Prometheus monitoring (_prometheus/)
Jobs opt in to monitoring by adding a _prometheus/ folder under workspace/jobs/<job>/. Each subfolder or file is optional: scrape config, alerts, runbooks, and dashboards are independent.
Maand build validates _prometheus/ content, stores files in job_files, and writes scrape configs only to KV (maand/prometheus/*). The prometheus job renders its config at deploy; alerts, runbooks, and dashboards are assembled from job_files.
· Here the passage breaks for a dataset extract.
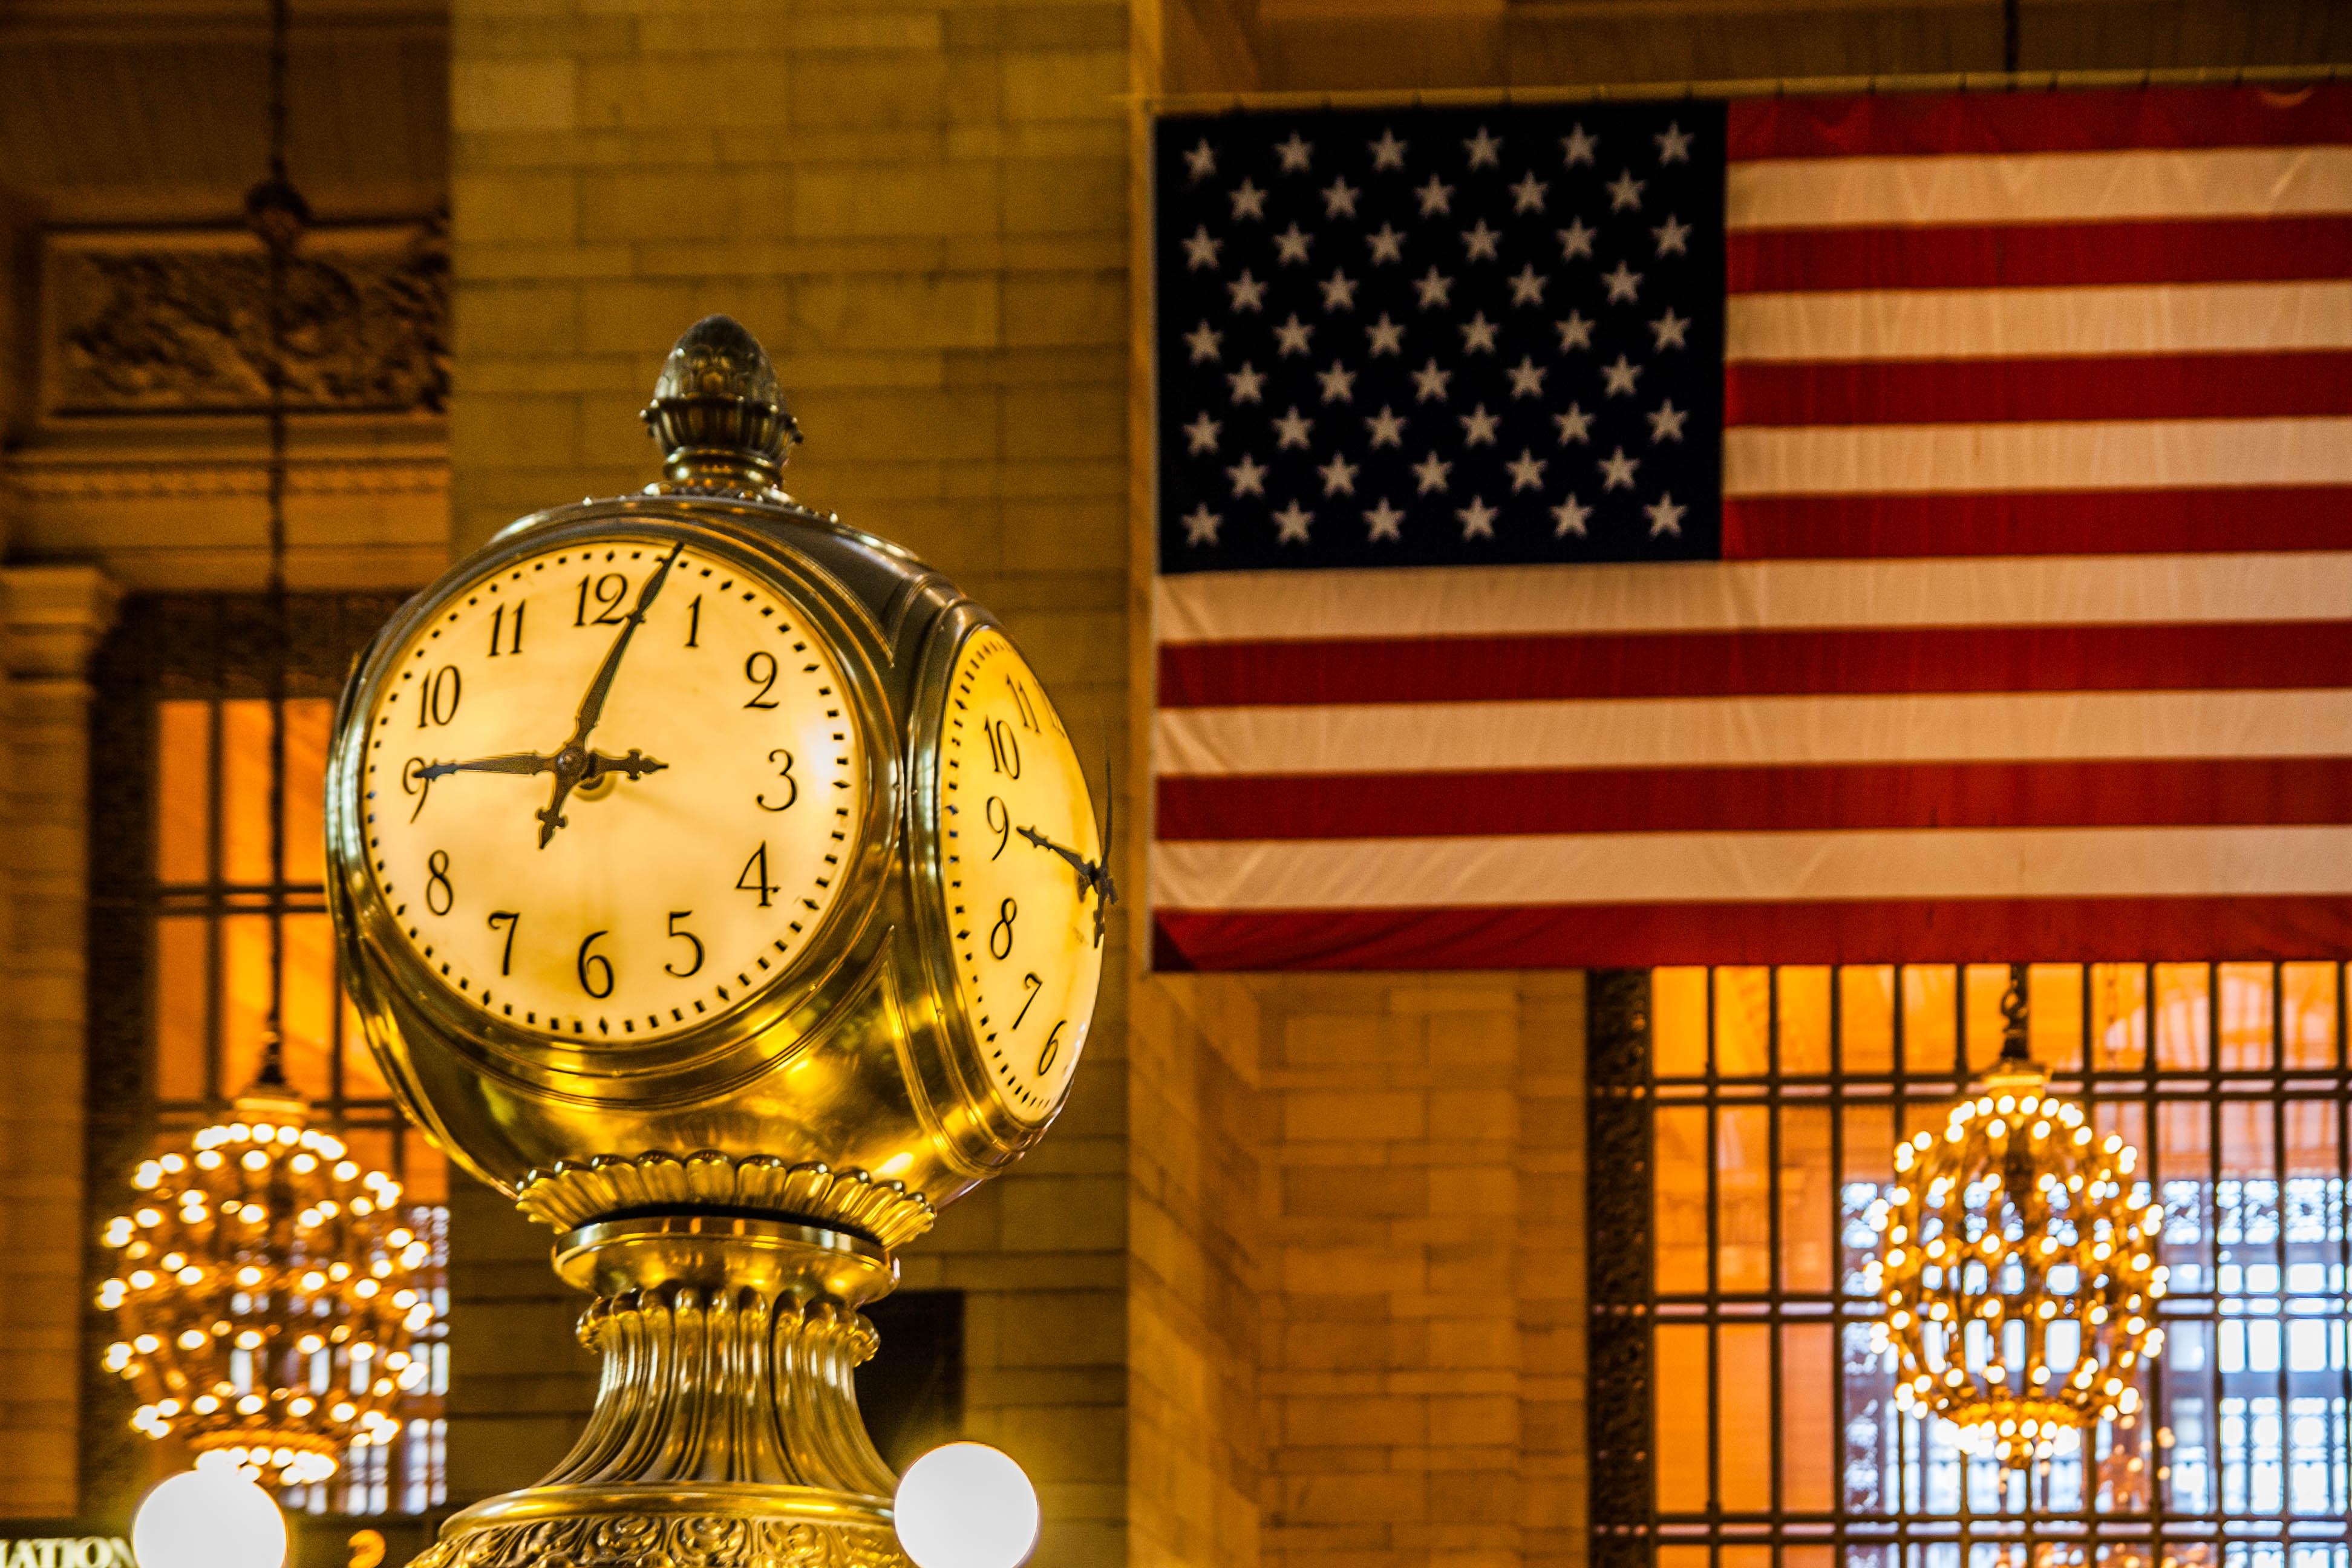 сколько время в америке крайней мере
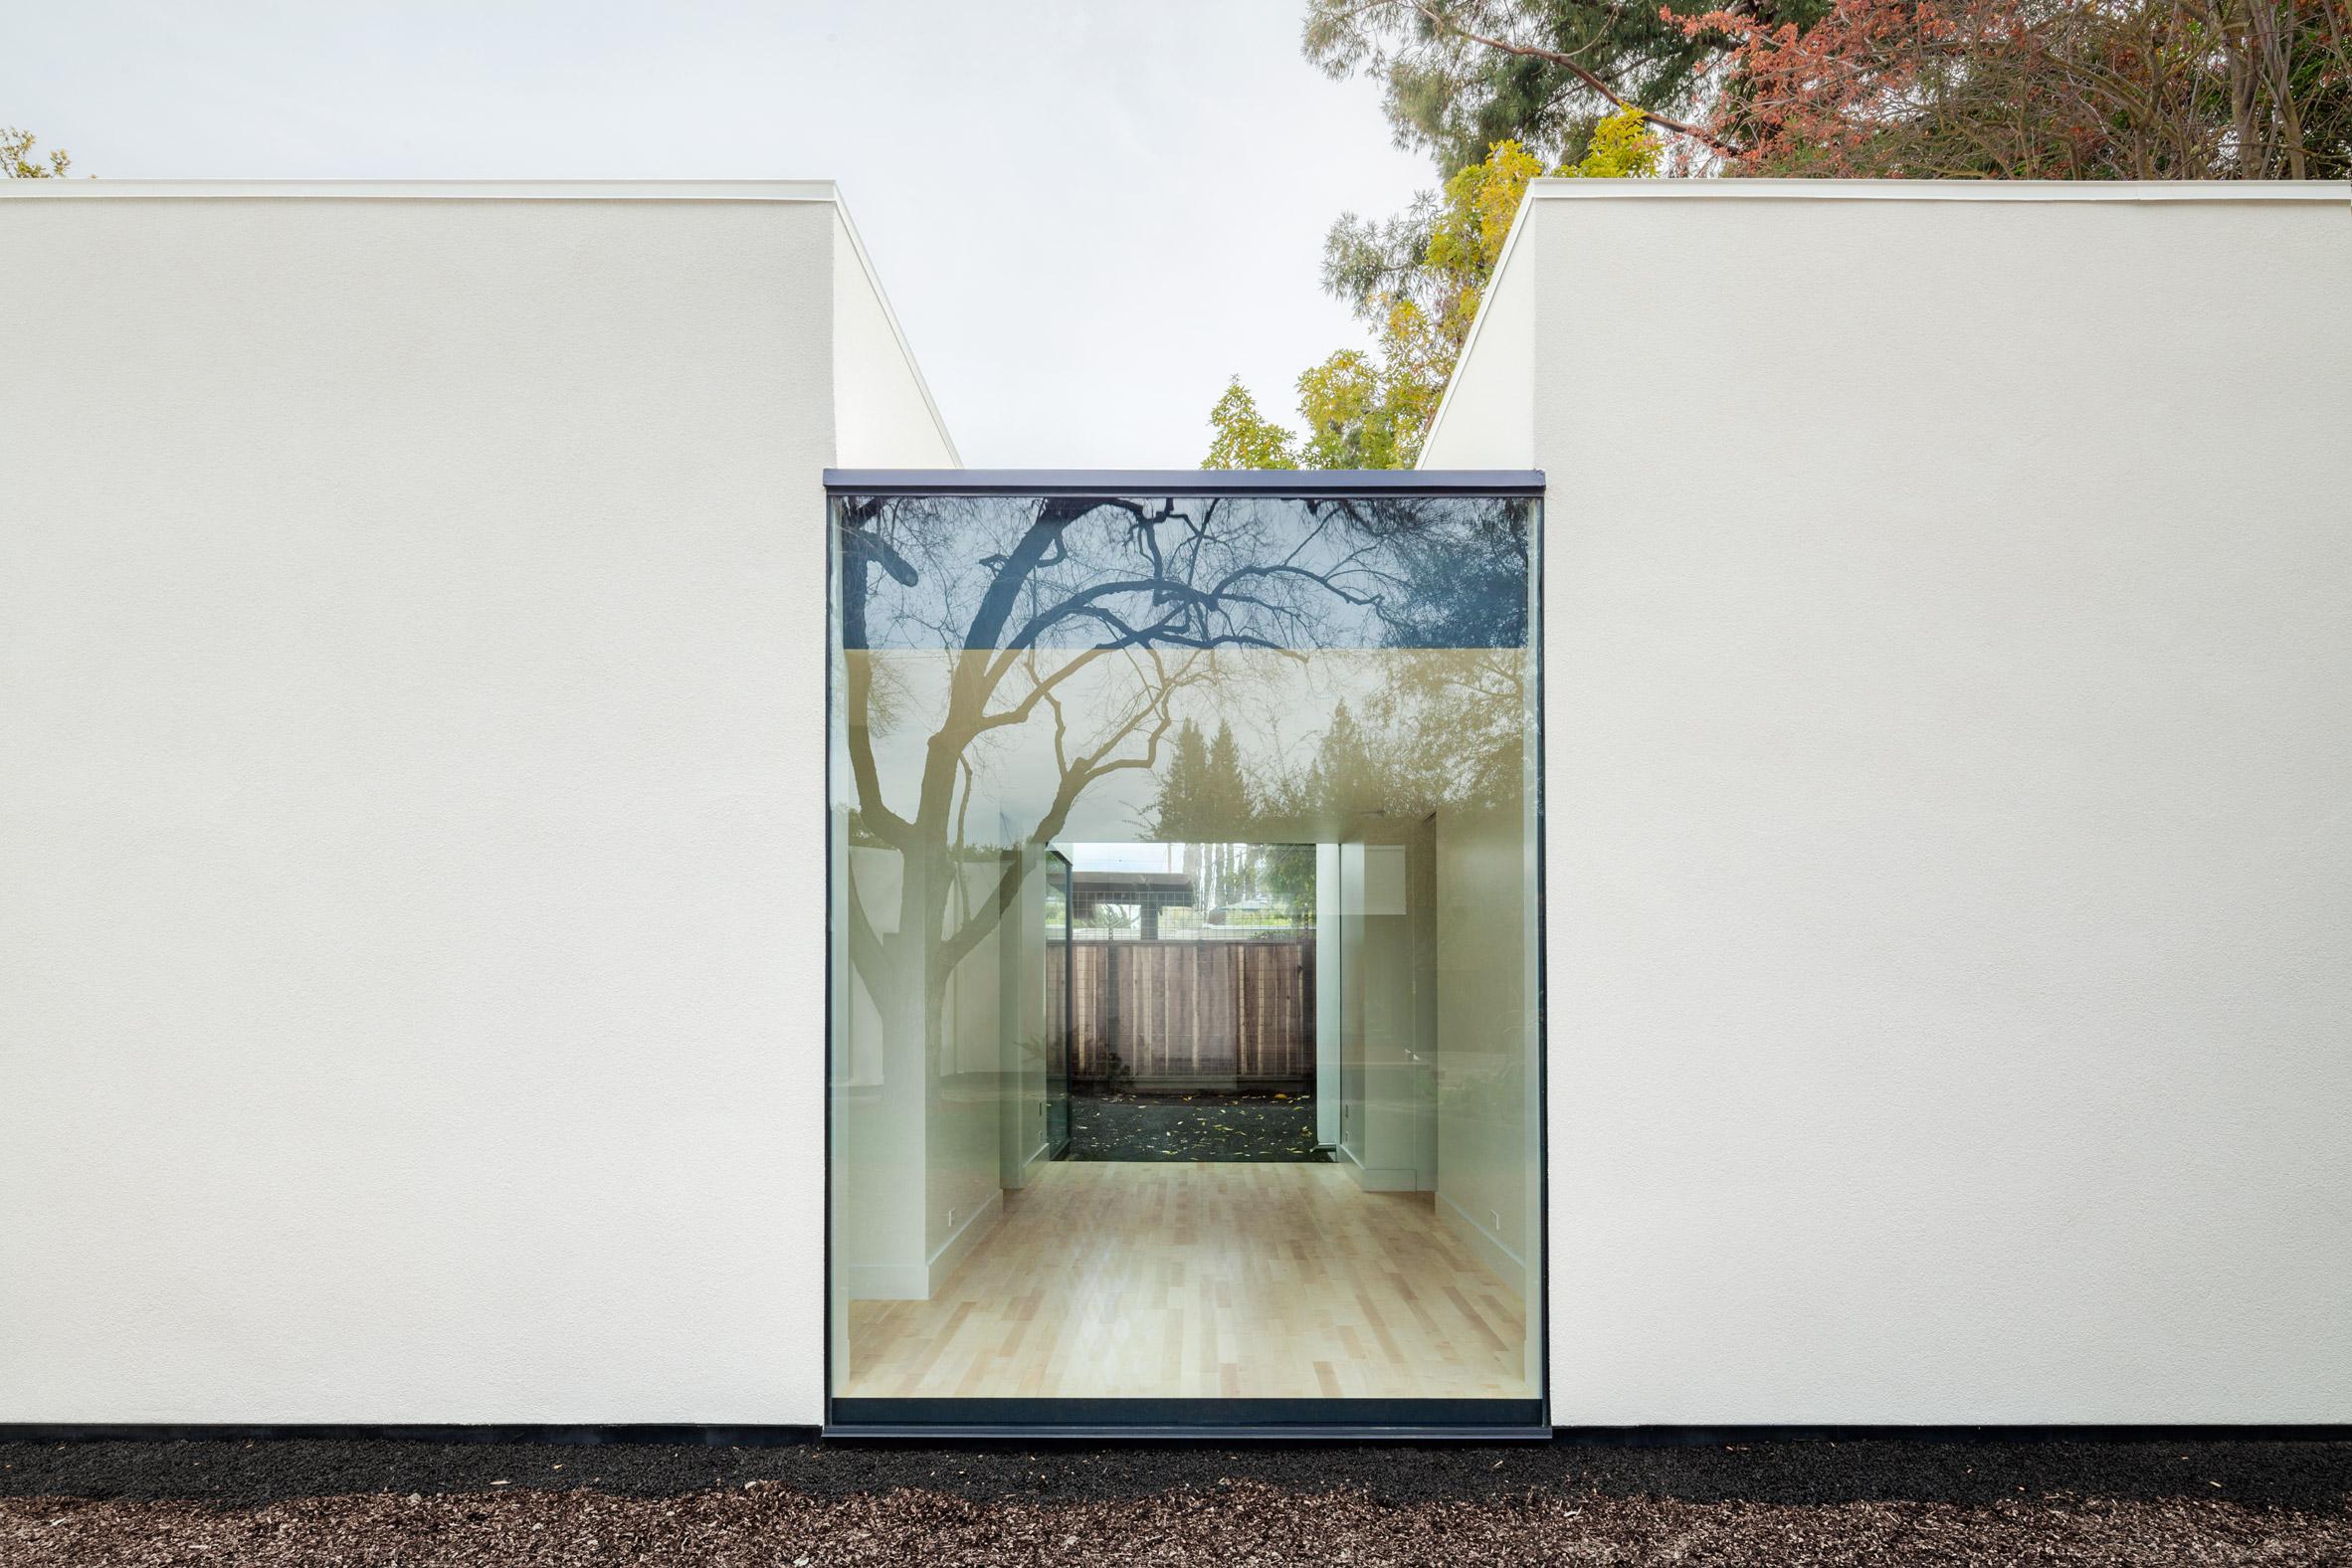 AJ-A gives Palo Alto home extension an all-white exterior

Related: build.md · deploy.md · templates.md · health-check.md
Job layout
workspace/jobs/api/
├── manifest.json
├── _prometheus/
│ ├── scrape.yaml # []scrape_config — native Prometheus shape
│ ├── scrape.yaml.tpl # optional; rendered at build (job-level templates)
│ ├── alerts/
│ │ ├── slo.yaml
│ │ └── errors.yaml
│ ├── runbooks/ # optional
│ │ └── ApiDown.md
│ └── dashboards/ # optional Prometheus console pages
│ └── overview.html
└── ...
| Path | Purpose |
|---|---|
_prometheus/scrape.yaml |
YAML array of Prometheus scrape_config items |
_prometheus/scrape.yaml.tpl |
Optional template rendered at build (see below) |
_prometheus/alerts/*.yaml |
Alerting rule groups (multiple files OK) |
_prometheus/runbooks/*.md |
Runbooks linked from alert annotations |
_prometheus/dashboards/** |
Prometheus console HTML (and assets) copied at deploy |
Not synced to workers — _prometheus/ is excluded from deploy rsync (like _hooks). Build copies content into job_files. Deploy assembles alerts, runbooks, dashboards, and expanded scrape config when staging the prometheus job.
Prerequisites
| Requirement | Effect |
|---|---|
Prometheus server job in workspace (prometheus.yml or prometheus.yml.tpl) |
Enables _prometheus/ validation and scrape KV at build; enables deploy-time assembly (rules, consoles, {{ scrapeConfigs }}) |
| No prometheus server job | _prometheus/ on app jobs is ignored at build (invalid scrape.yaml + scrape.yaml.tpl pairs are not rejected); scrape KV is cleared |
Active allocations (for maand:port/* scrape targets) |
Job appears in aggregate scrape_jobs / scrape_configs; without active allocations the job is omitted from aggregate KV but scrape/<job> per-job KV is still written |
Literal host:port scrape targets |
No active allocations required — job always included in scrape catalog |
Nothing in _prometheus/ is required on any job. A job may ship scrape only, alerts only, runbooks only, dashboards only, or any combination.
_prometheus/scrape.yaml
Root is a YAML array. Each element uses the same fields as Prometheus scrape_config.
- job_name: api
metrics_path: /metrics
scheme: http
static_configs:
- targets:
- maand:port/api_metrics_port
labels:
maand_job: api
Use maand:job instead of repeating the maand job name for job_name and label values. Build stores the resolved name in maand/job/<job>/job_name KV:
- job_name: maand:job
static_configs:
- targets:
- maand:port/api_metrics_port
labels:
maand_job: maand:job
maand cat kv get maand/job/api job_name
Multiple scrape jobs per maand job are allowed (separate array entries). job_name must be unique across the whole bucket (after maand:job expansion).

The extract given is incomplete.